Leah Missbach Day

(b.1958; resides Chicago, IL)

Leah Missbach Day is drawn to the myriad of transitions teenagers must negotiate. Starting with a graduate school project on the street kids in her Wicker Park neighborhood, she has gone on to photograph the nieces and nephews of friends, teenagers at Great America, and students of her home-town high school in Summit (Argo Community High School). Since 1997 she has been volunteering as a counselor at a week-long Unitarian summer camp in Lake Geneva (for years prior she was a camper there), and while there she also photographs. Summer Camp: a special night at Burt Lodge documents campers preparing for the camp’s traditional, if not officially sanctioned, “Slut Night.” Trying on new identities with each outfit, the youths begin to adopt adult roles through grooming and posturing. Some manifest their eagerness in this exploration by pushing the boundaries of acceptable dress, while others prefer to bear a close and careful witness of these displays.

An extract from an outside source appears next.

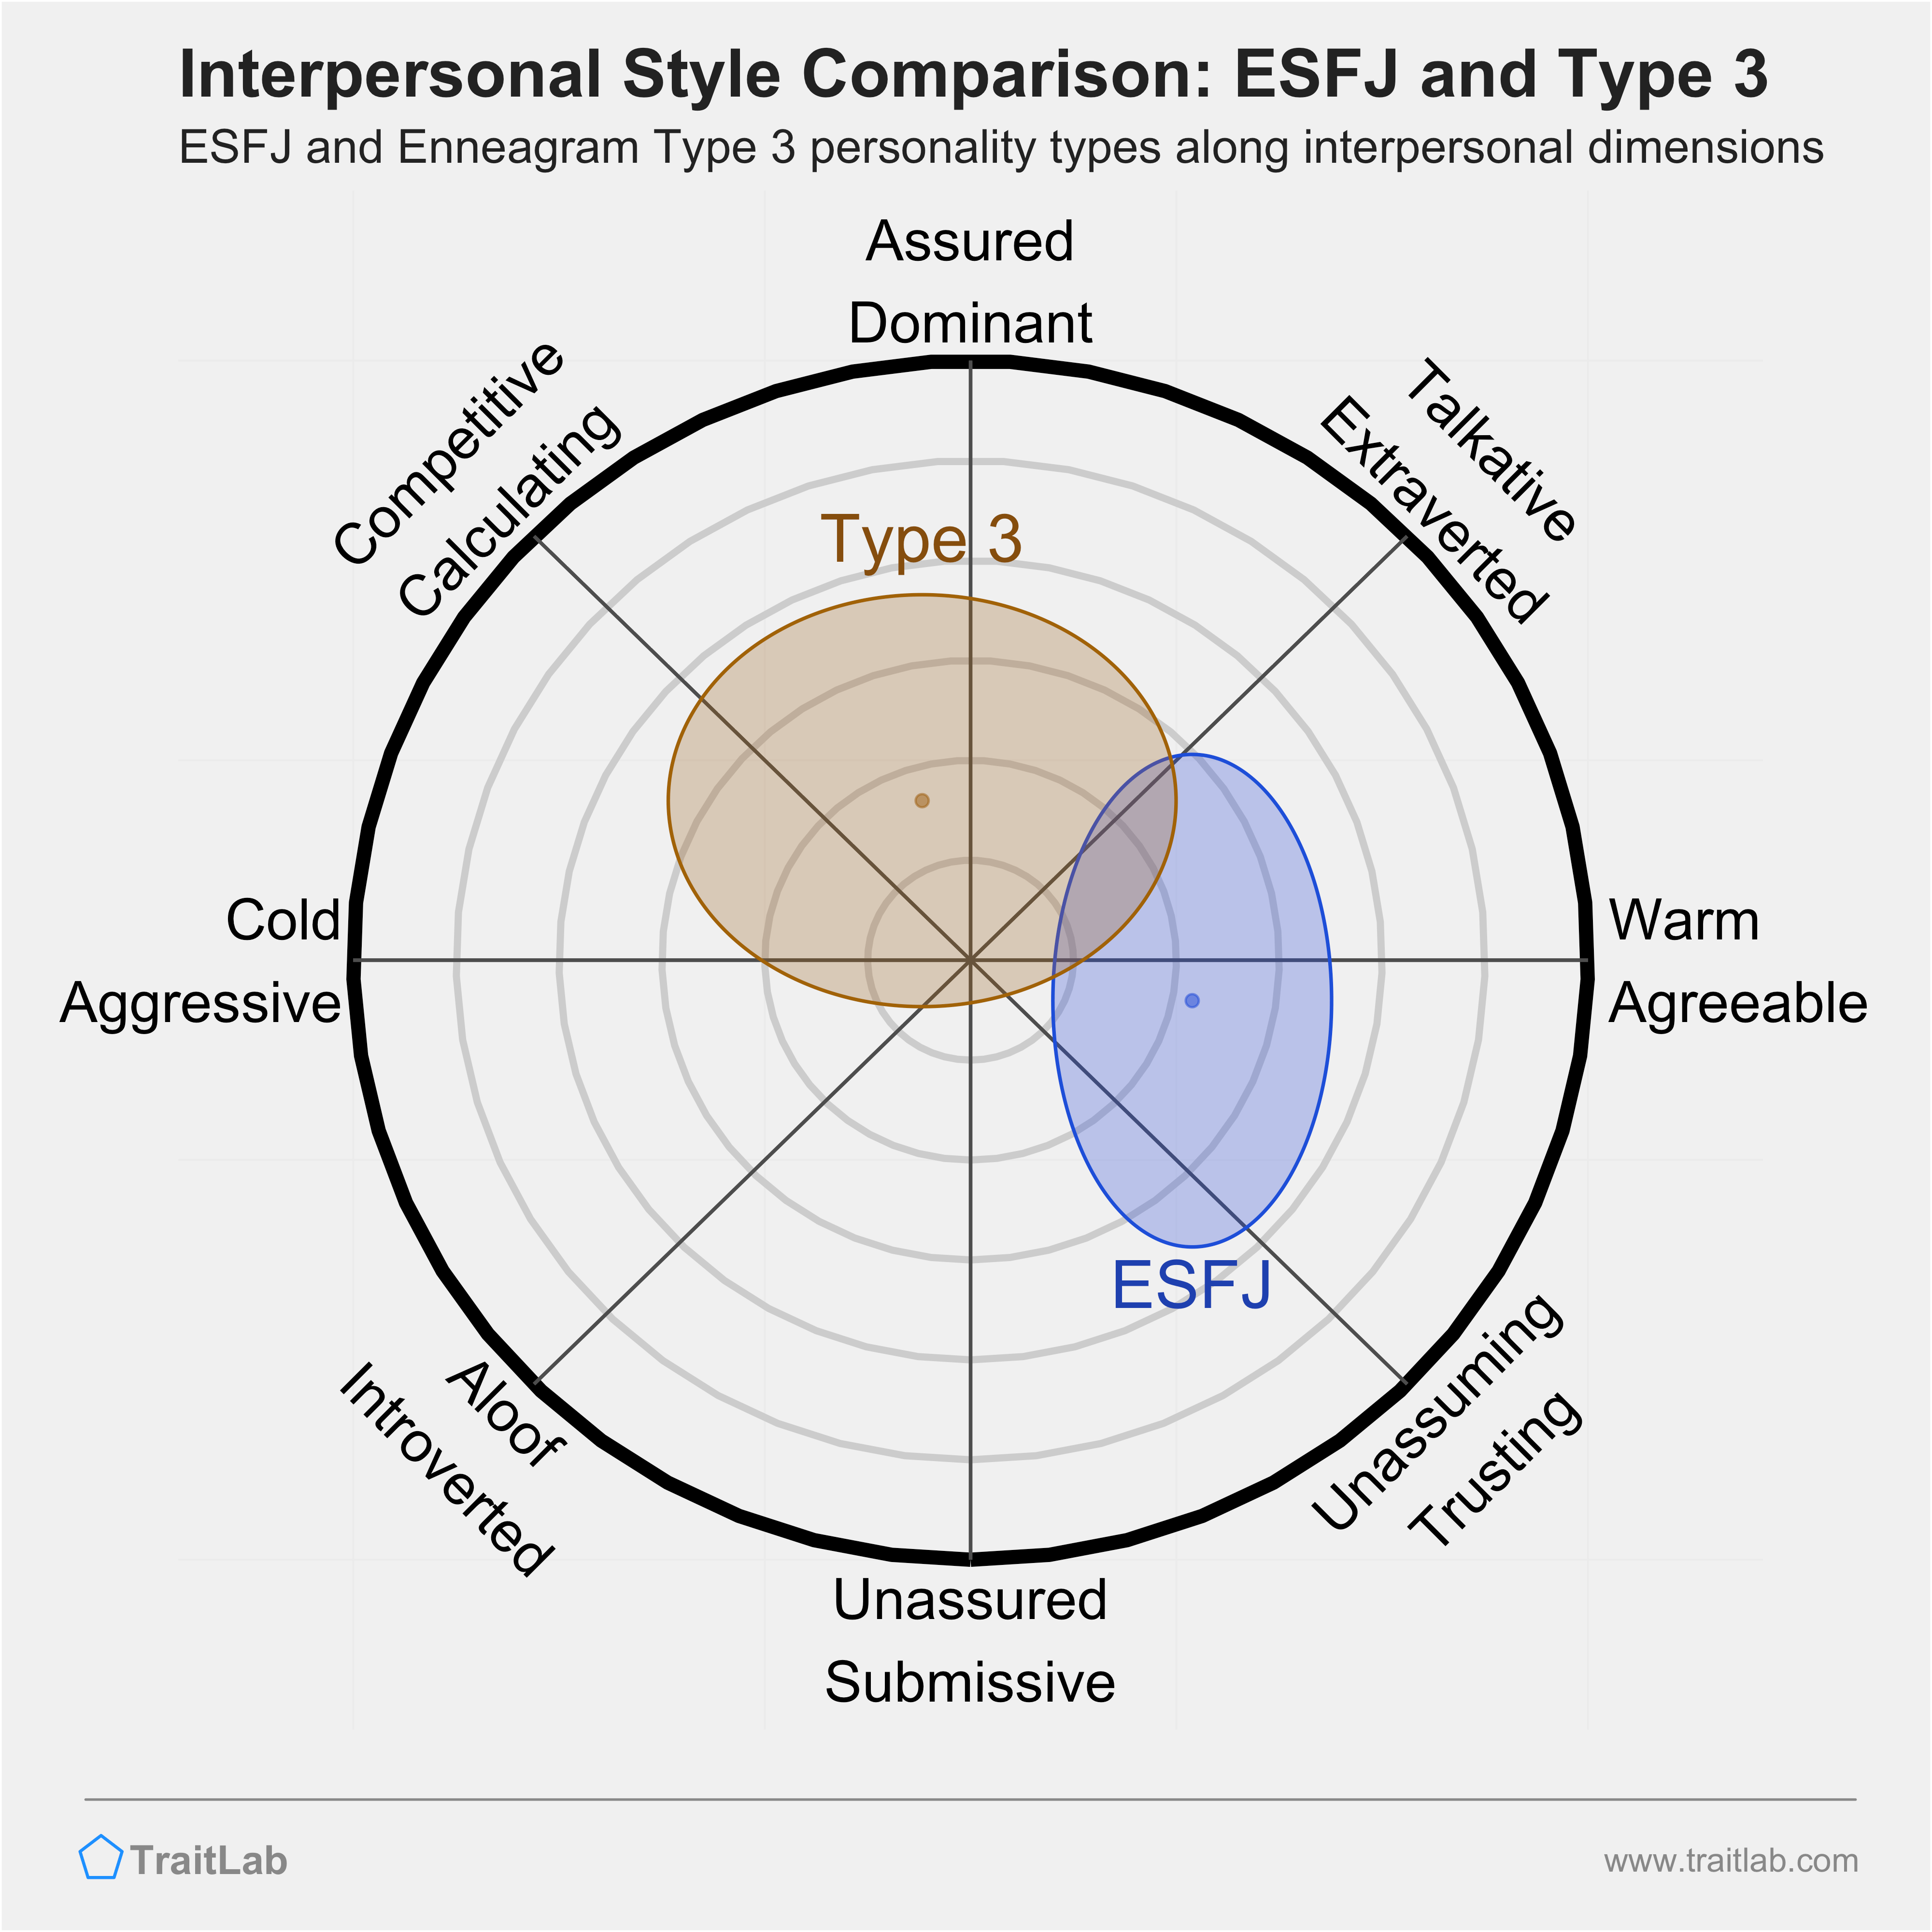 Enneagram ESFJ and Type 3 comparison across interpersonal dimensions

Born in La Grange and raised in Bedford Park, Missbach Day graduated with a degree in product design and advertising from Southern Illinois University in 1979. She earned her MFA in Photography from Columbia College Chicago in 1998, where she has been a professor of photography since 1999. From 1995 to 2000 she was a Chicago Social Magazine columnist, and since 1995 she worked as a freelance photographer. Her photographs have been exhibited in New York at D2 Gallery; in Damascus, Syria at the International Women’s Arts Festival, Khan Asad Bacha Library, and American Cultural Center; and in Chicago at the Chicago Historical Society, Gallery 312, City Gallery in the Historic Water Tower, Museum of Science and Industry, Terra Museum of American Art, and as part of the Chicago Cultural Center’s widely-traveled exhibition Chicago in the Year 2000. Her work is also in the Refco Collection and the LaSalle Bank Collection.